9. Erweiterungen:Wie schon angemerkt, gibt eine "Libram Novus"-Reihe mit optionalen Erweiterungsregeln. Hier finden sich dann (u.a.): Zaubererschaffungsregeln (auch freie Magie), neue Klassen, Klassenerschaffungsregeln und Klassenoptionen (wie Multiklassen, klassenloses Spiel), mehr Talente, Vertiefungen zu bestimmten Skills und dem Skillsystem, Stufenloses Spiel und diverse weitere Magieregeln.
10. Zusammenfassung:Novus ist seinen Rolemaster/HARP-Wurzeln entwachsen, ohne die geistigen Herkunft aus HARP zu verschweigen.
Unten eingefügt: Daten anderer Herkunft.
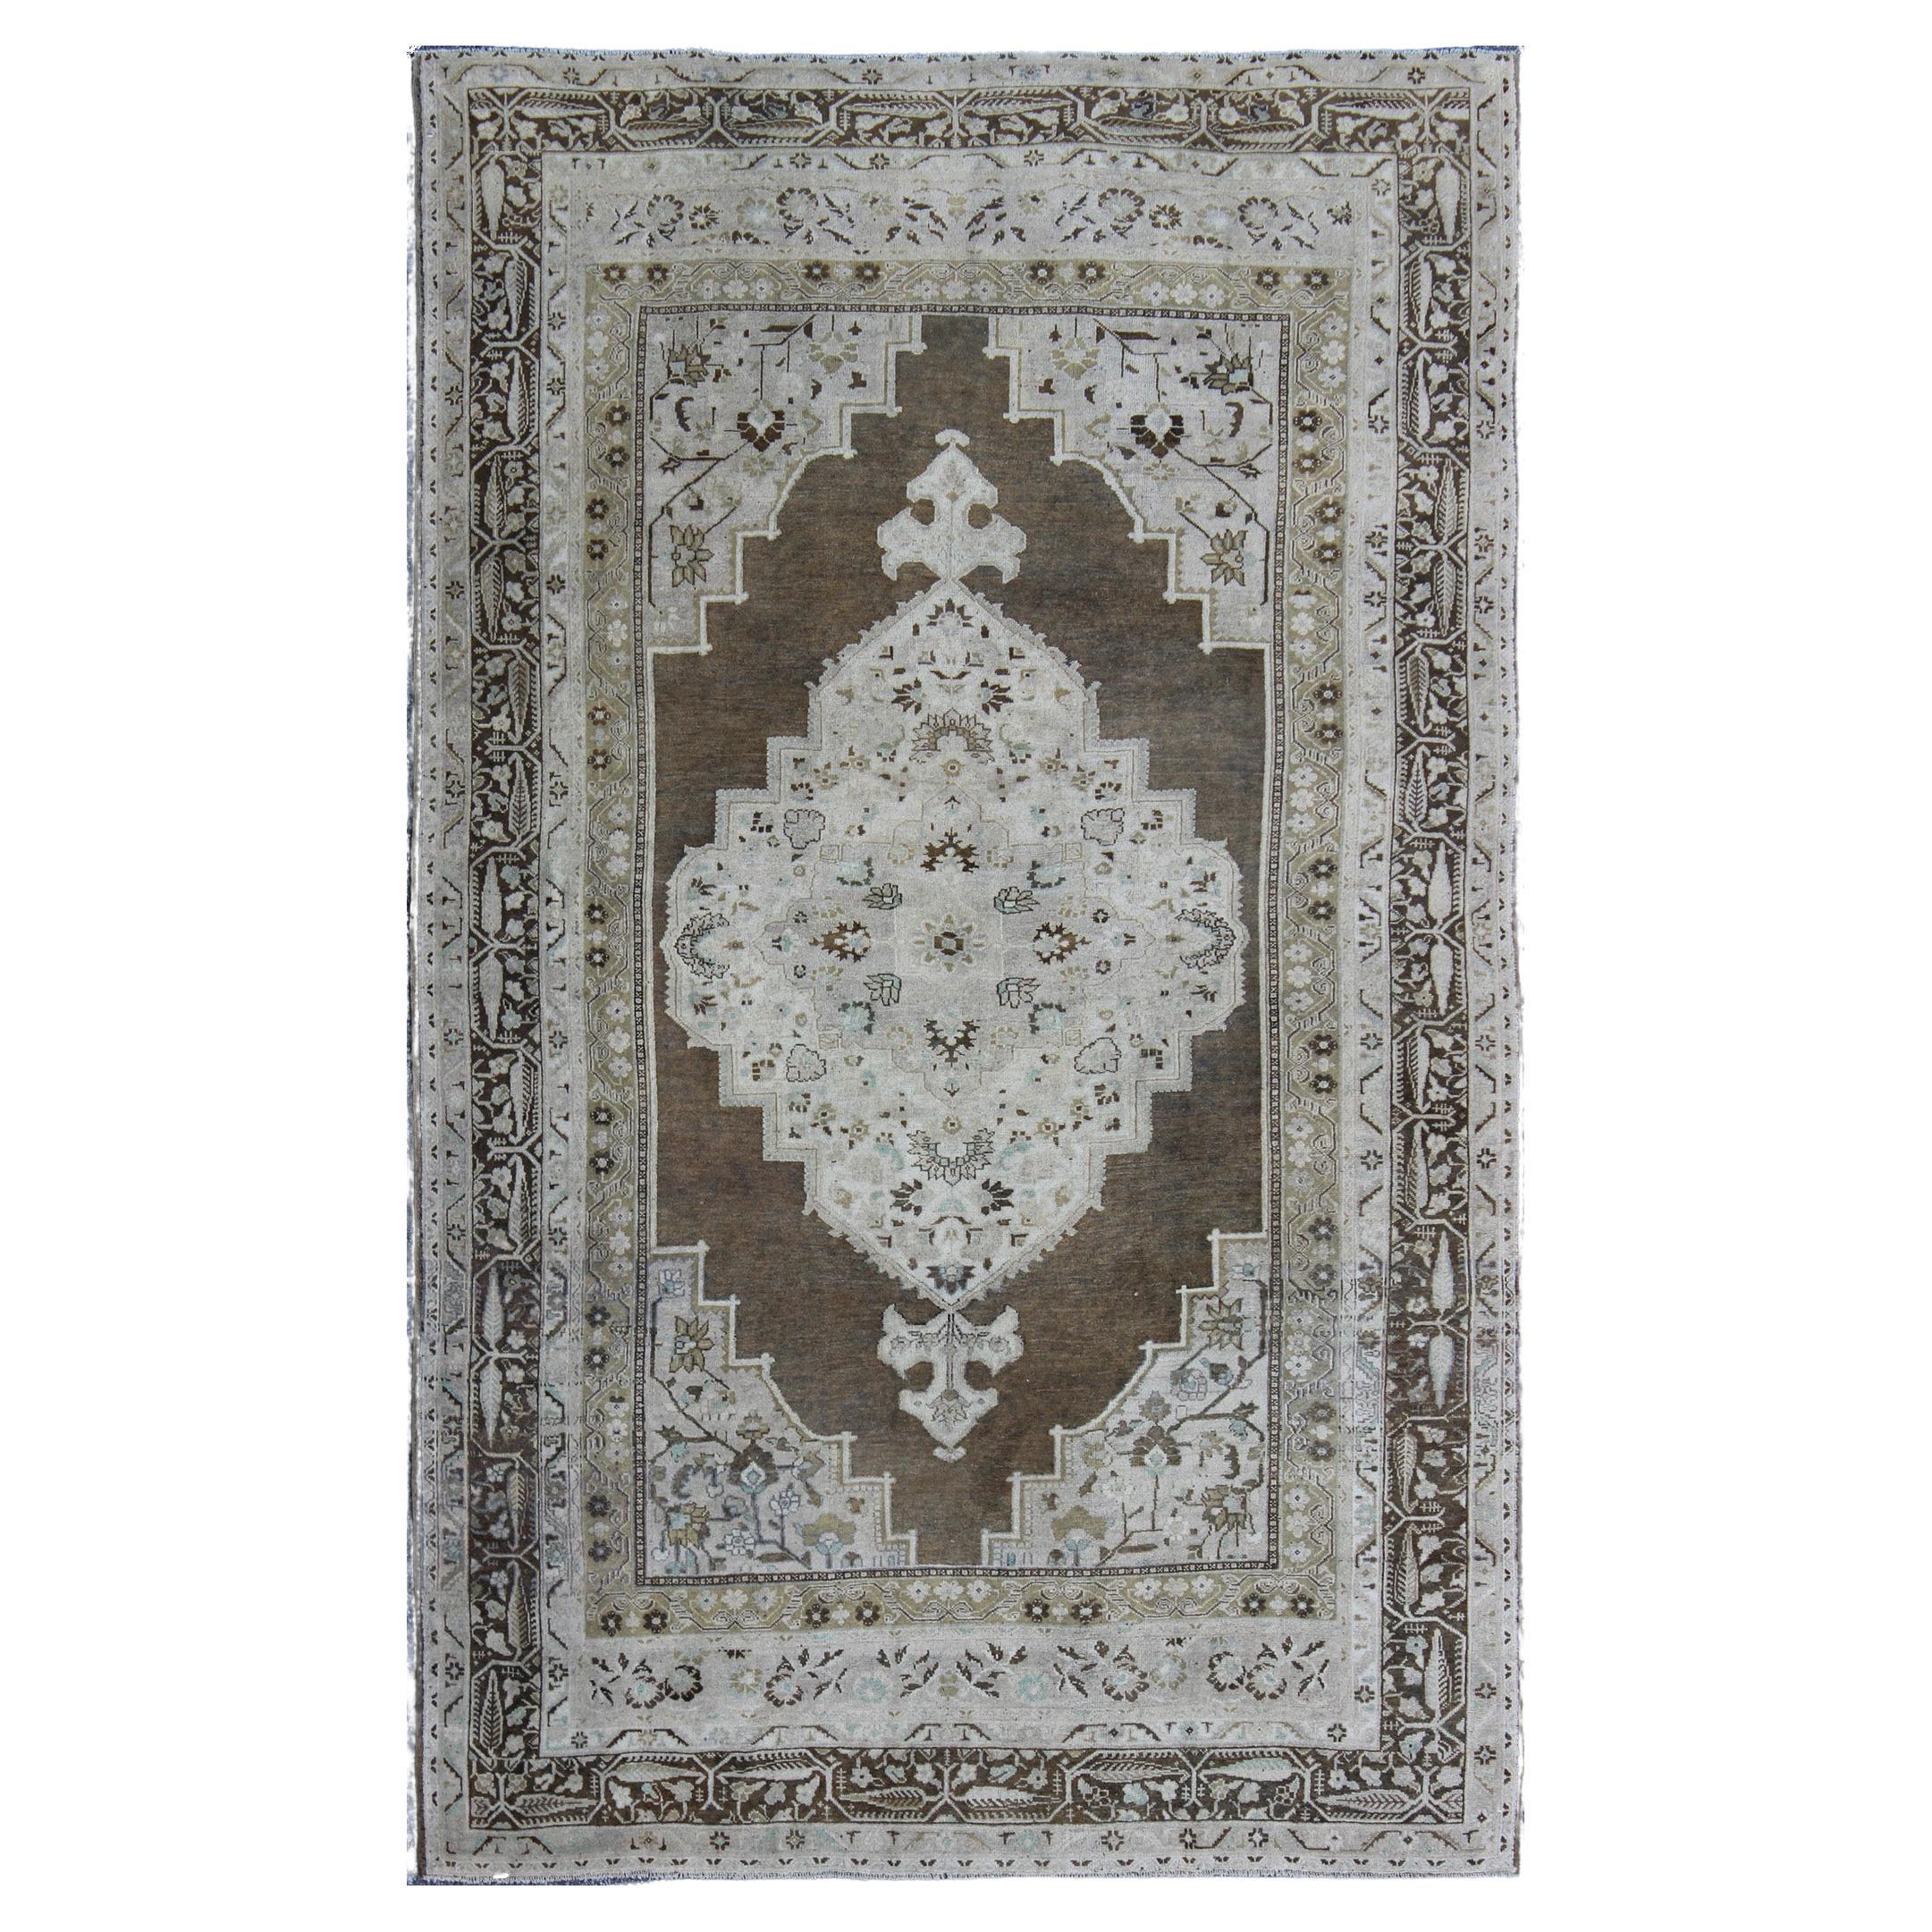 Türkischer Oushak-Teppich mit Medaillon in Braun, Grün und Neutralen Farben

Es lehnt sich mit einem 20er-Zahlenraum und den gewählten Klassen und Rassen stark an klassische Fantasyrolenspiele an (v.a. also D&D), lässt aber einen großen Freiraum für einen Meister, das System für seine Spielwelt und Vorstellungen zu adaptieren (gerade auch durch die "Libram Novus").
Die Regeln scheinen durchdacht und durchgängig ziemlich aus einem Guss. Der Autor selbst schreibt dazu, dass er nicht gerade den Feuerball neu erfinden wollte, aber ein schnelles und flexibles System schaffen wollte, was ihm meiner Meinung mehr als gelungen ist. Wer klassisches Fantasy-Rollenspiel mag und ein praktisches Ein-Buch-System sucht, dass aber ein vollausgewachsenes System beinhaltet, sollte auf jeden Fall mal einen Blick riskieren.
Ich hoffe, dass ich damit einen Einblick in das Spiel geben konnte.